They walked back to the farmyard bringing with them the full baskets of corn. Some would be stored to dry and have meal made of them. Others they would take into town and sell. 

“I’ll put the kettle on,” June said, shooing chickens out of her way as she aimed for the house. “He’ll be wanting tea.” 

“I don’t think we should serve him anything,” Charlie said, hotly. “Why doesn’t he realize that we don’t like him?” 

“Because he doesn’t,” Jason said, watching the buggy come in through the open gate. 

And all too soon, before he was prepared for the encounter, Mr. Preston Church drove into the farmyard scattering chickens as he came. 

“Ah, Jason,” he said, as though they were old friends. “Take care of my dear Lucille, won’t you?” 

He meant the horse. 

Jason nodded but said nothing. He found that keeping his tongue firmly behind his teeth was the best way for him not to say what he was thinking. It had served him well in the army and it did so now again. 

“Sullen fellow, ain’t he?” Preston asked as he greeted June in the yard. She had come out of the house to greet him as her parents would have insisted she do, had either been alive. Or so she insisted. 

She shot a look at Jason, her eyes begging him not to make a fuss. He wouldn’t of course, because she didn’t want him to. He nodded and smiled. She smiled in response and her expression eased a bit as she ushered Preston into the house, his polished shoes gleaming in the sunlight. Before closing the door, she cast one last look Jason’s way; a longing look that he knew meant he shouldn’t be long. 

Jason took the horse by the reins and led her to a trough of water. He didn’t unhitch her. Hopefully they could get rid of this nuisance man and get on with harvesting the corn before the birds came to eat it. 

As Jason took care of the horse, he considered her owner. That man was too clean for a farm. Jason wondered if Preston did anything on his own land himself or if he had other people to do it all for him.

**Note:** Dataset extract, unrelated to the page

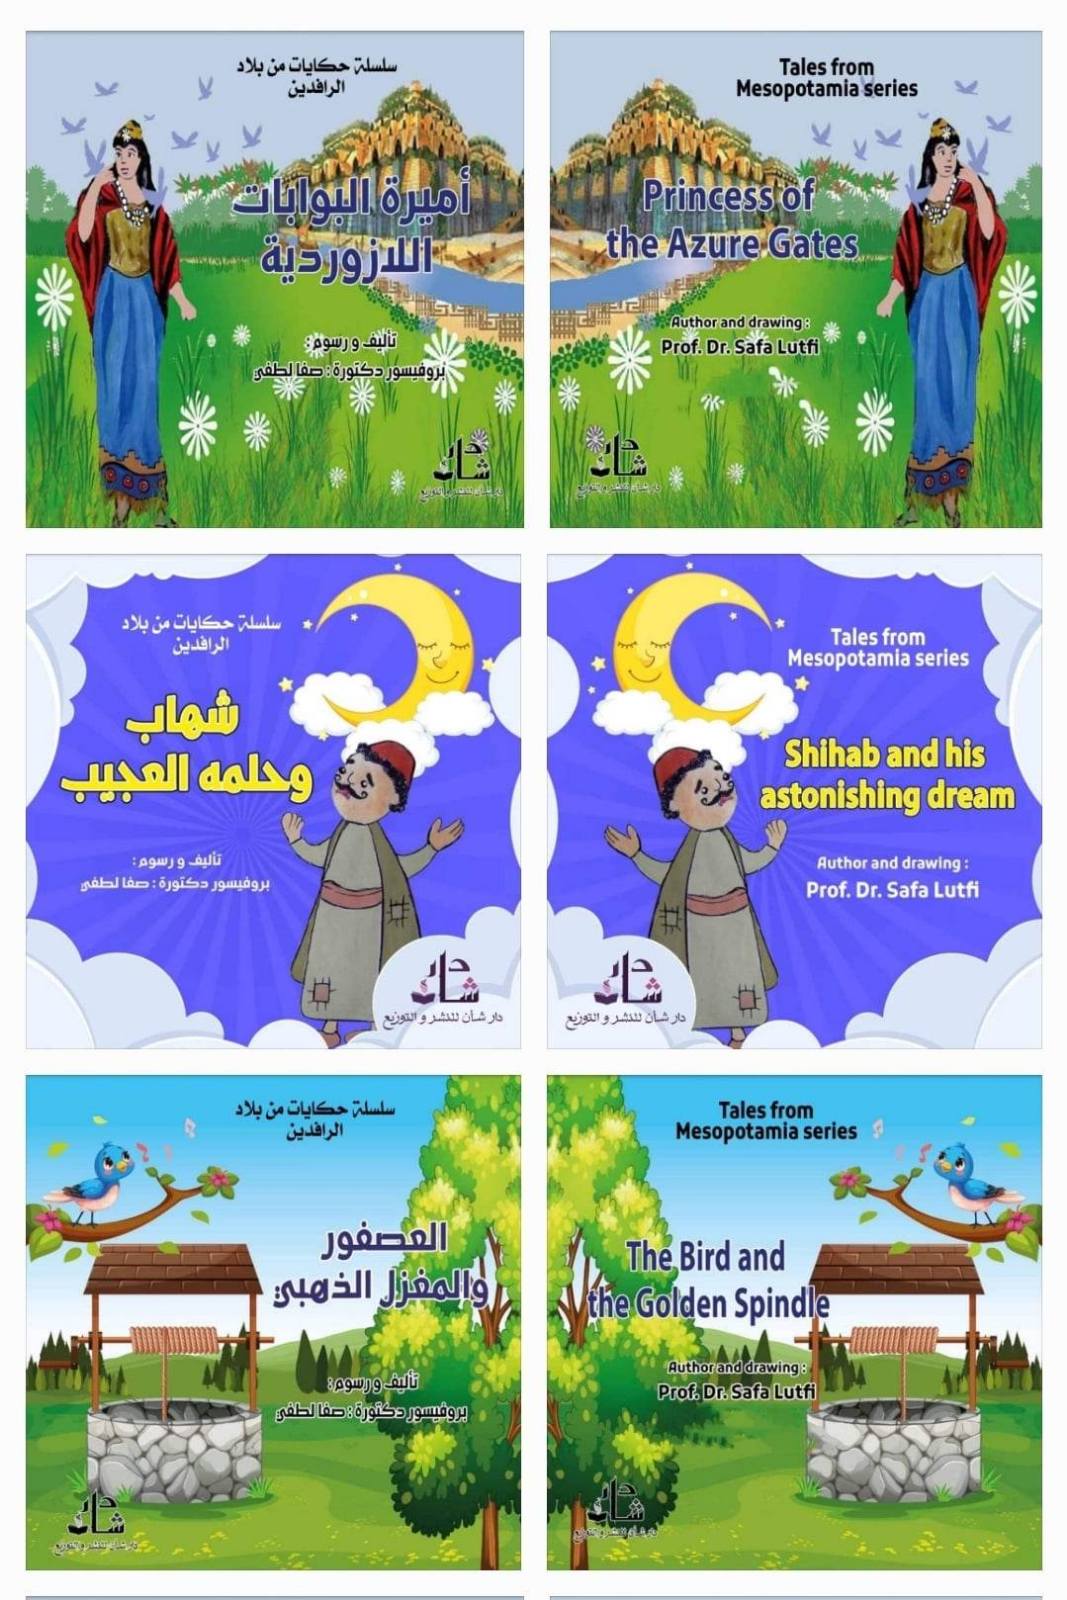  Recently published by Prof. Dr. Safa Lutfi for Dar Shan for publishing and distribution in the sisterly Hashemite Kingdom of Jordan  A series of stories written and illustrated by her, addressed to children, entitled (Tales from Mesopotamia series)

He suspected it was the latter. 

Word around town was that Mr. Church had inherited a vast fortune when his father died. What Preston’s father had done for a living, no one knew. Jason thought he had to have been a stagecoach robber, a pirate or something like that to have so much money. The man seemed to ooze gold from his pores. 

Lucile was a docile horse and she seemed thrilled with the contents of the trough, so Jason left her there. 

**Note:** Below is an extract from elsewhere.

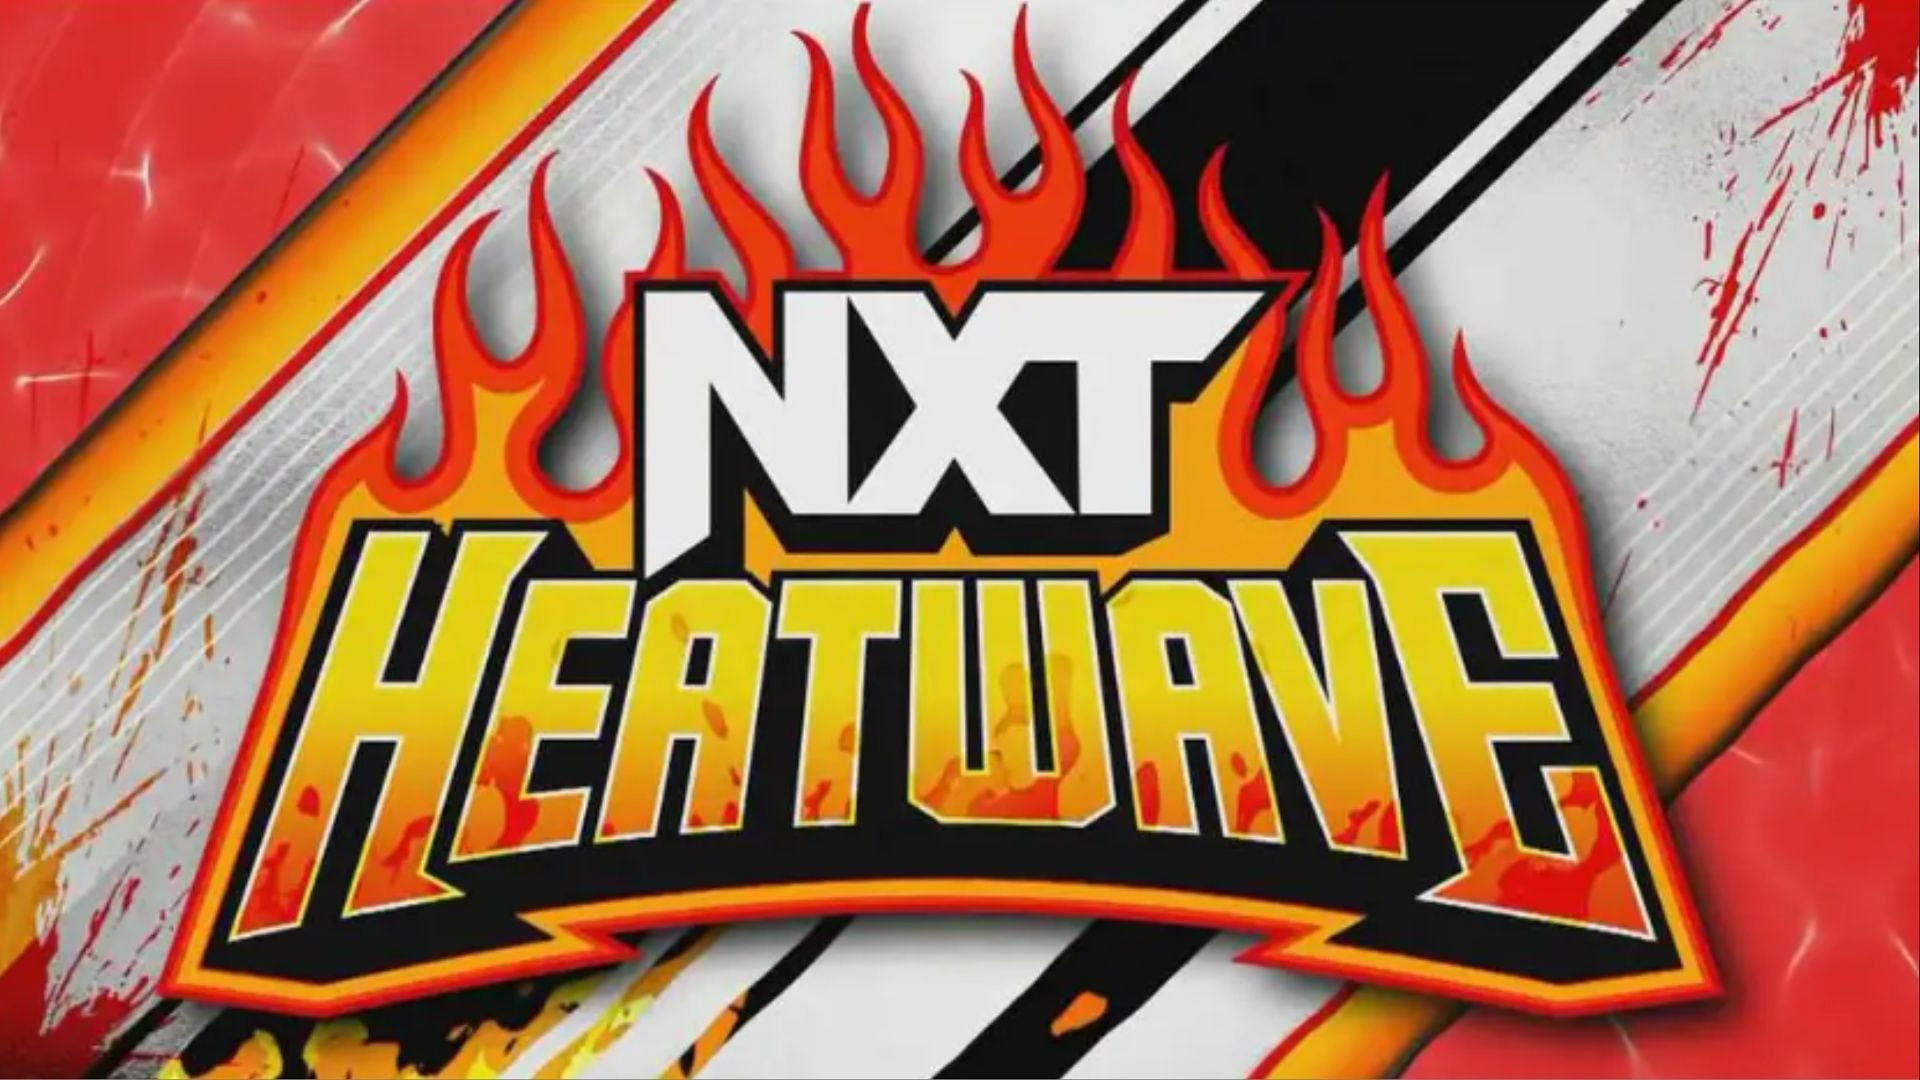 29yearold star injured at NXT Heatwave? What you might have missed

He went for a quick wash at the water barrel beside the house to take the dust from his hands and face. Then he entered the house, still drying his hands on a rag. 

Everyone was in the parlor and the kettle was only just starting to boil. As it whistled loudly, Jason picked up a dish towel and took it off the hook over the fire. June came hurrying into the kitchen. 

“He insisted on sitting in the parlor like he’s proper company or something,” she said in a hushed voice. “Thank you for helping with the kettle.” 

“Let’s make the tea quickly and see if he won’t leave after,” Jason said, smiling impishly at her. 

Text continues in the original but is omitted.